Celeste Barber (born 6 May 1982) is an Australian comedian and media personality.

Early life 
Celeste was born and raised in Australia, and grew up in the city of Sydney for most of her life. She has a sister.

Celeste attended Saint Joseph's College, Tweed Heads. In the early 2000s, she trained in acting in Nepean, Sydney.

Career

Acting 

Barber has appeared in various television shows but is perhaps best known for her role of paramedic Bree Matthews in the TV show All Saints and for her roles in Office Correctness and How Not to Behave.
Barber was a sketch writer/performer on The Matty Johns Show. She was also part of a film called Burke & Wills which went on to become a finalist at the 2006 Tribeca film festival. She has been a panellist on Have You Been Paying Attention? and also was a co-host on Studio 10.

Comedy 

Although Celeste started out in acting, she later fell into comedy. Barber states: "I've always been told I've been funny but I always thought funny was stupid. I thought if you were a bit of an idiot then that was funny. But I've since learnt, no, not the case, and being funny is the best and I love it… My late friend Mark Priestley, who worked on All Saints with me, was like, "This is your niche," and he helped me focus on it.

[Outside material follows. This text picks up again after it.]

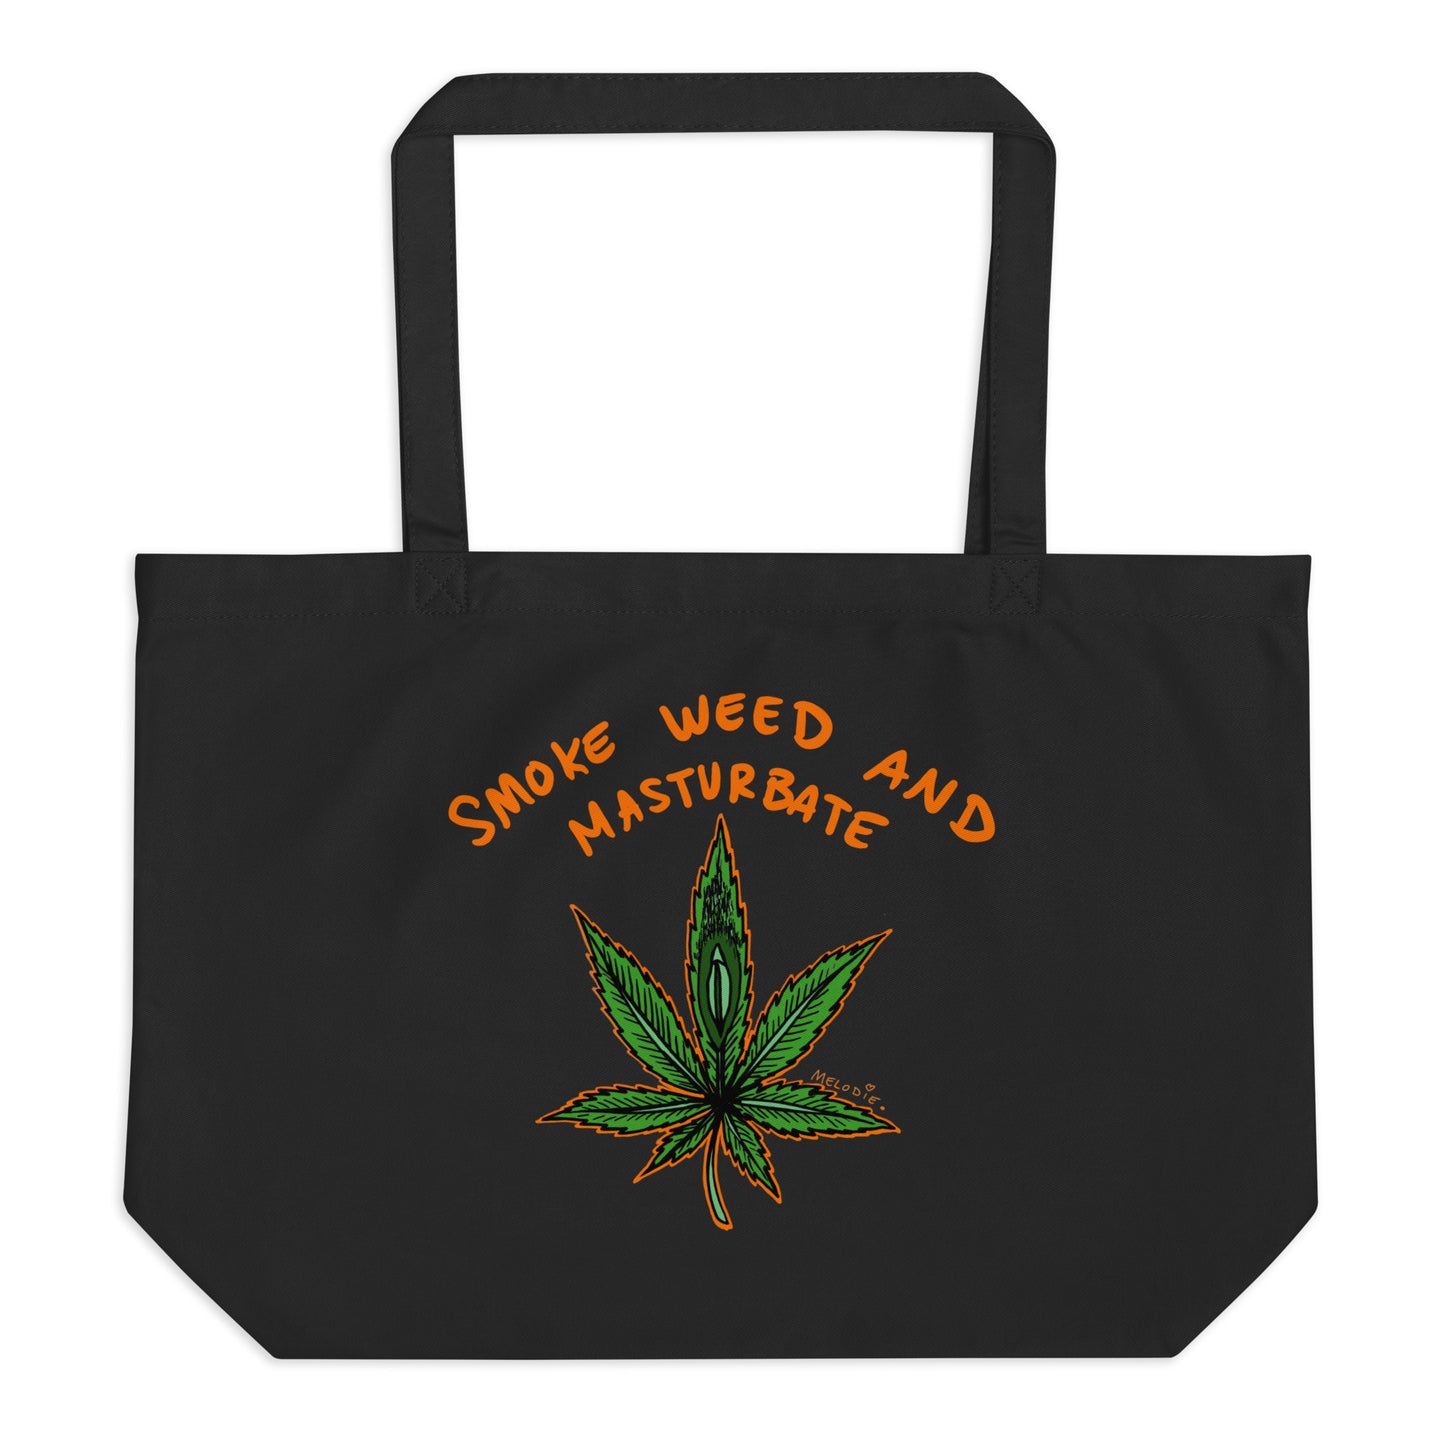 " 2024 Smoke Weed & Masturbate " Large organic tote bag

In 2015 she was a MICF Raw Comedy state finalist and sold out shows for both the Sydney Comedy and Fringe Festivals.

Writing 

Celeste released her first book, Celeste Barber – Challenge Accepted in September 2018. It's described by Barber as "253 Steps to becoming an anti-it girl". Barber's second book was a children's book titled Celeste the Giraffe Loves to Laugh and it was published in October 2019.

Her third book, Flamingo Celeste is Not like the Rest, illustrated by Heath McKenzie and published in 2021, was shortlisted for the picture book prize at the 2022 West Australian Young Readers' Book Awards.

Instagram 

In Early January 2015, the earliest instances of Barber recreating photos of celebrities and famous women began to emerge on her Instagram. Celeste and her sister would send each other text messages back and forth of how women are supposed to do everyday activities and they began to poke fun at the depiction.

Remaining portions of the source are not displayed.